Catering will likely be cut down. We’ll likely have to stop providing all three of breakfast, lunch, and dinner on each day for our conferences — we still expect to have some food or snacks available, but it’s currently unclear exactly what we’ll be able to provide.
I’d be curious to see a breakdown of catering costs in SF, DC & London if you have them—specifically costs per meal, for drinks, and for snacks and what % of the total budget food has been. Things I think are more or less important (but don’t have a sense of where the budget cut-offs are, hence the request for breakdown)
I think having some kind of breakfast (even if it’s just bread/peanut butter/ hummus/bananas) feels super important for essentially buying an extra 1-2 hours per person.
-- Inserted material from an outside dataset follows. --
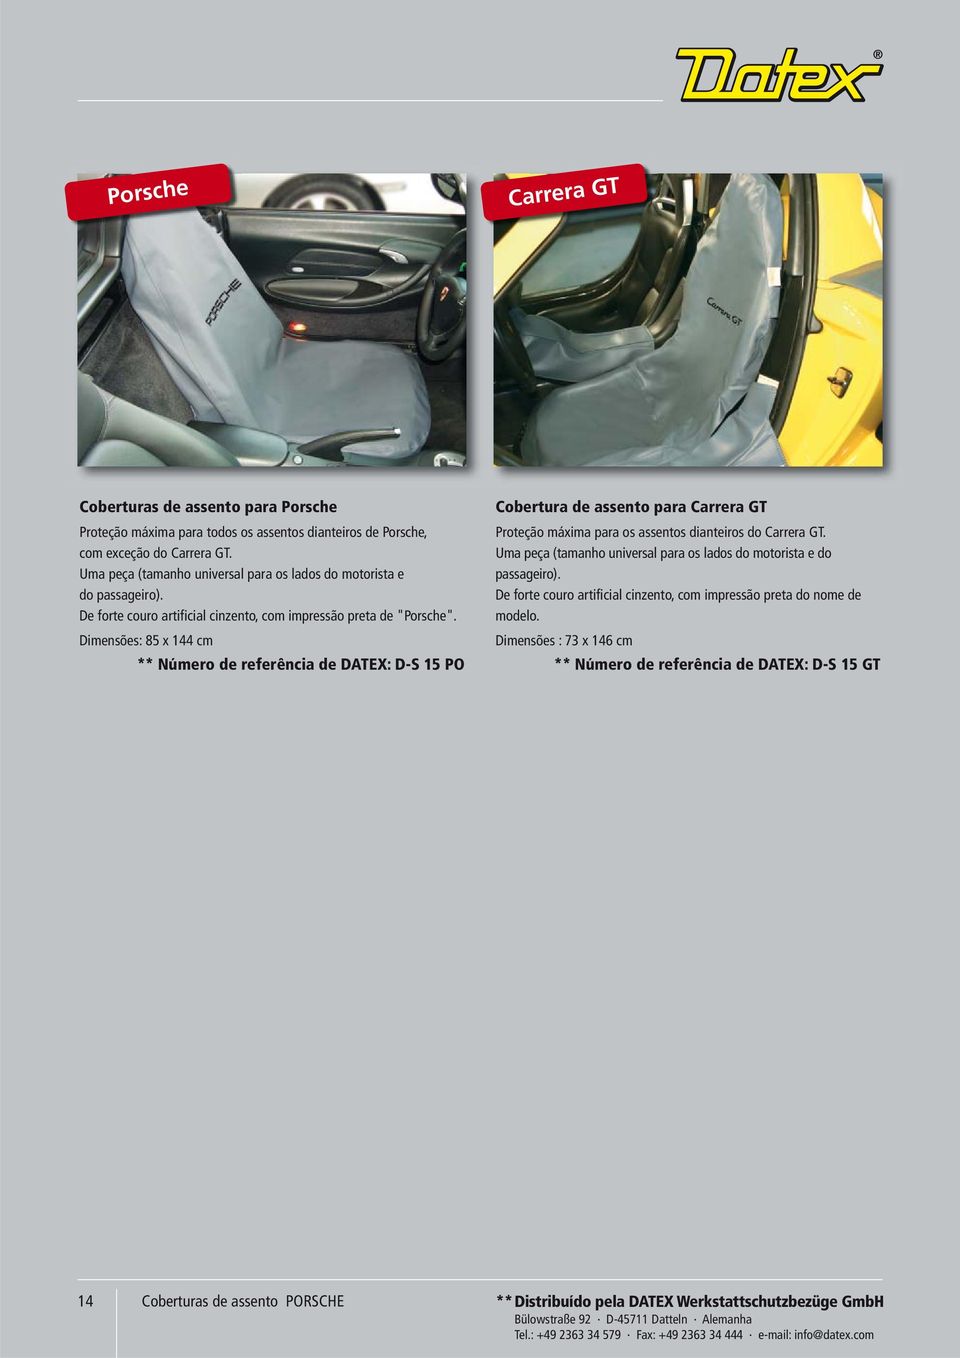 Dimensões: 85 x 144 cm ** Número de referência de DATEX: D-S 15 PO Cobertura de assento para Carrera GT Proteção máxima para os assentos dianteiros do Carrera GT.

If catering doesn’t allow for a lighter breakfast and/or doesn’t allow outside food etc. [edit: breakfast could also just be snacks/protein bars/etc.]
From my limited catering knowledge, drinks are usually the most expensive, so if not serving drinks during opening / closing speeches could potentially subsidise breakfasts / more food, that seems worth it.
I’d be very curious how far EAG could go by just focusing on Soylent / Huel / Mealsquares.
I can imagine you could get pretty serious savings by making a deal with a small number of brands for a large purchase. I would suspect EA’s account for a serious proportion of these brand’s revenue, and EAG’s are the ideal place for them to market to new EA’s and EA adjacent individuals, so they’d stand to gain a lot from even just providing merchandise at-cost.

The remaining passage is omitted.